CHANGED: Signal rollups moved from "optional if benchmarks demand it" to required. Cohort-scoped 30d+ windowed aggregates across millions of entities cannot be computed from raw events in real time.

3. The New Milestone: M4 -- Cohort-Scoped Ranking

Milestone Thesis: "The database understands user segments as a query primitive. Trending for a cohort of US jazz fans produces different results than global trending."

Why this is a milestone and not a phase: It requires a new entity type (Cohort), a new signal aggregation path, a new candidate source, a new query clause, and background materialization. Too much for a phase, and independently user-testable.

Provisional Phases:

Phase 4.1: Cohort Definition and Membership (M complexity) Cohort as a schema primitive. Named predicate over user attributes. Membership materialized as RoaringBitmap<UserId> with O(1) membership test. Incremental updates when user attributes change.

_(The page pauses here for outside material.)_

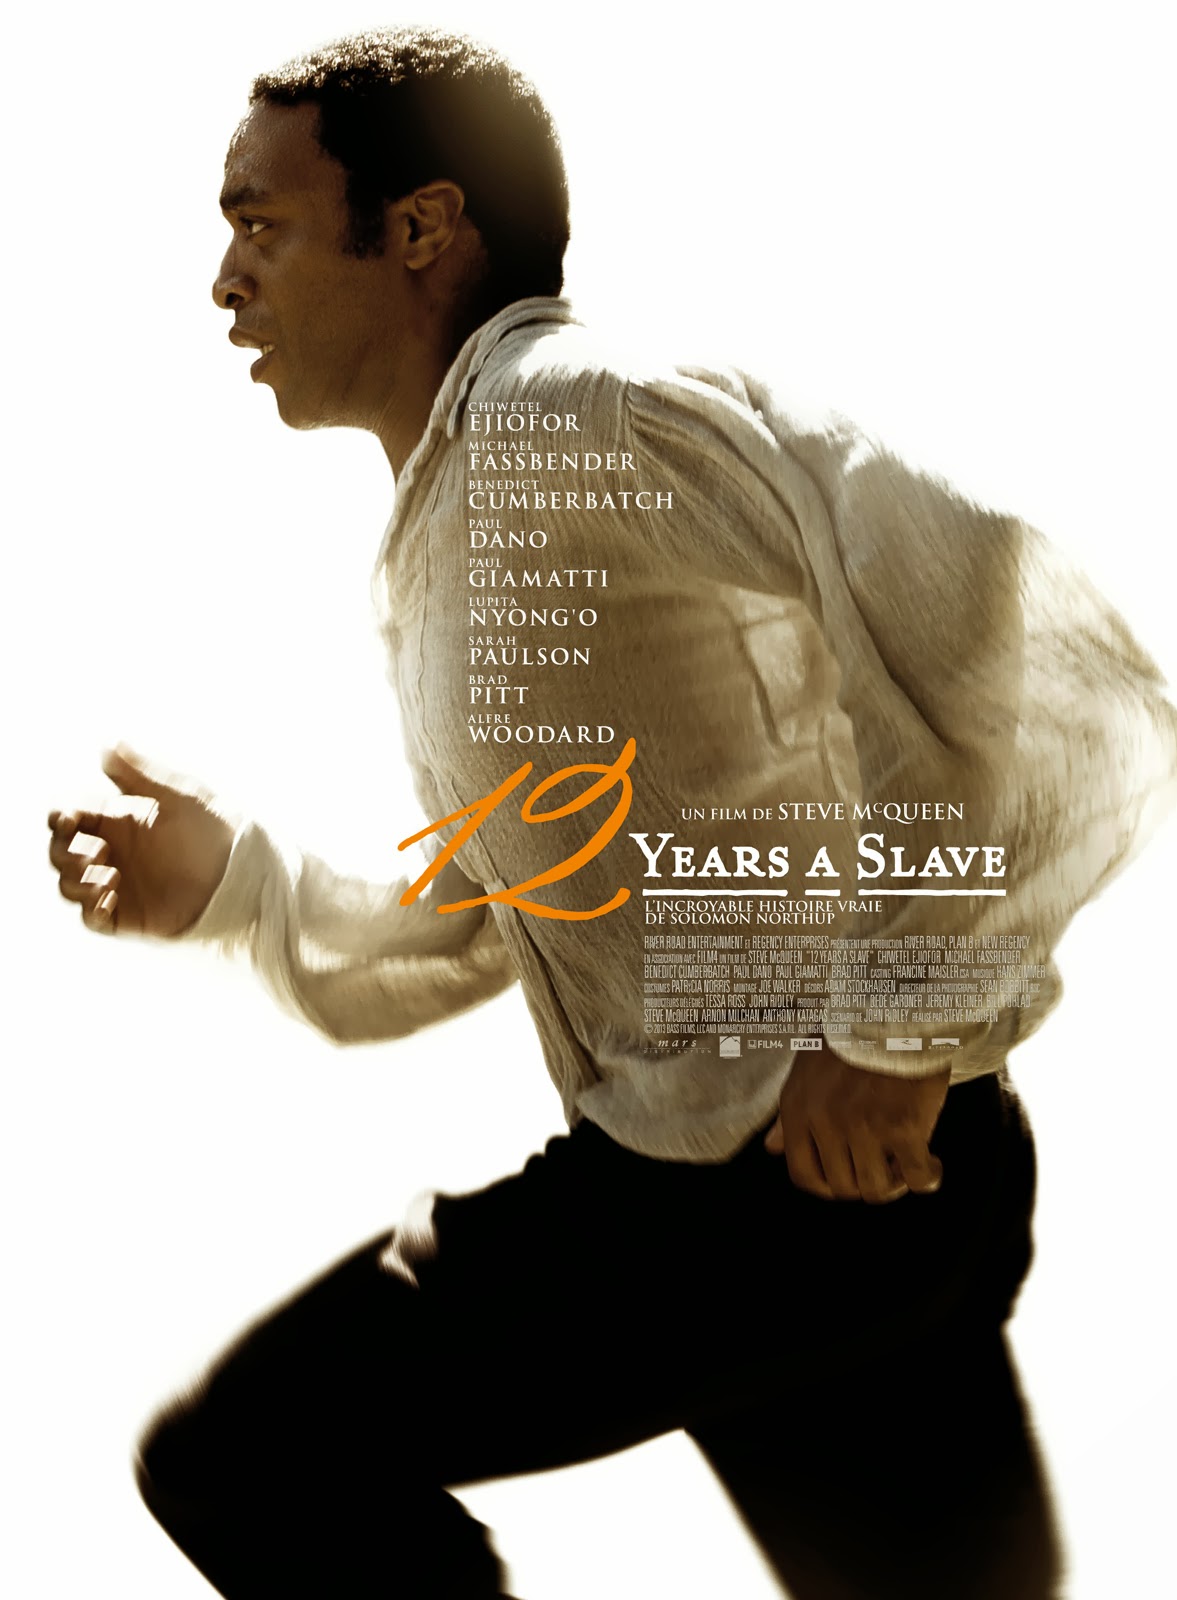 http://fuckingcinephiles.blogspot.fr/2014/01/critique-12-years-slave.html

Phase 4.2: Cohort-Scoped Signal Aggregation (XL complexity -- highest risk) Signal write fan-out: when a signal arrives for an entity from a user in cohort C, update per-cohort running aggregates. Same decay/windowed pattern as entity signals but keyed by (cohort, entity). Sparse representation required to manage memory.

Phase 4.3: Cohort-Scoped Query Execution (L complexity) FOR COHORT @cohort_id clause in RETRIEVE queries. Signal references resolve to cohort-scoped aggregates. Composes with FOR USER for personalization on top.

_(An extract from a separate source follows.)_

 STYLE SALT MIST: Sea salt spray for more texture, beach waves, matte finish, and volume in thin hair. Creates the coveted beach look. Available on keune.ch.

Phase 4.4: Cohort Lifecycle and Diagnostics (S complexity) List, inspect, delete cohorts. View cohort-scoped signal state for debugging.

Deferred from M4: Cohort-scoped search (Layer 3) deferred to M5 (needs Tantivy). Dynamic cohorts deferred to M6. Cohort-based A/B testing deferred to M7.

4. What Is Now Deferred That Should Not Be

Horizontal Distribution Design

The deferral of implementation is still correct. The deferral of design is now wrong. Storage engine, WAL format, key encoding, and signal aggregation must be designed so distribution can be added without restructuring. Distribution design constraints are applied from M1. Distribution implementation remains post-M7.

Signal Rollups

Now required in M6. Cohort-scoped 30d+ windows over millions of entities demand materialized rollups. The bucketed counter approach works for per-entity signals because each entity has bounded events. Cohort aggregates span millions of entities.

User Attribute Model

The 2-field model is a critical gap. Cannot answer "what is trending among young US jazz fans." Rich user model is now a required deliverable in M3.

5. Revised Milestone Theses

Milestone	Original Thesis	Revised Thesis
M1	Signals are a database primitive	Same, plus: signal system designed for future scoped aggregation
M2	A single query retrieves, scores, and ranks	Same, plus: compositional executor supports scoped candidate sets
M3	User context shapes ranking -- For You works	Same, plus: user model rich enough to define meaningful audience segments
M4 (new)	(did not exist)	Database understands user segments as query primitives
M5 (was M4)	Text + semantic + signals in one query	Same, plus: search within a scoped result set (query composition)
M6 (was M5)	Every use case works	Same, plus: cohort-scoped variants of trending/rising/browse
M7 (was M6)	Ready for real workloads	Same, plus: documented path to horizontal distribution

6. Critical Path Analysis

Parallelization Opportunities

M5 Phases (Tantivy, RRF, SEARCH parser) can start in parallel with M4. They depend on M2/M3, not M4. Only the query composition phase depends on M4.
M3 Phase 3.0 (rich user model) can start as soon as M2 Phase 2.2 (metadata indexing) ships -- same bitmap/B-tree patterns applied to user entities.
M4 Phase 4.1 (cohort definition) can start as soon as M3 Phase 3.0 ships -- without waiting for M3's feedback loop to complete.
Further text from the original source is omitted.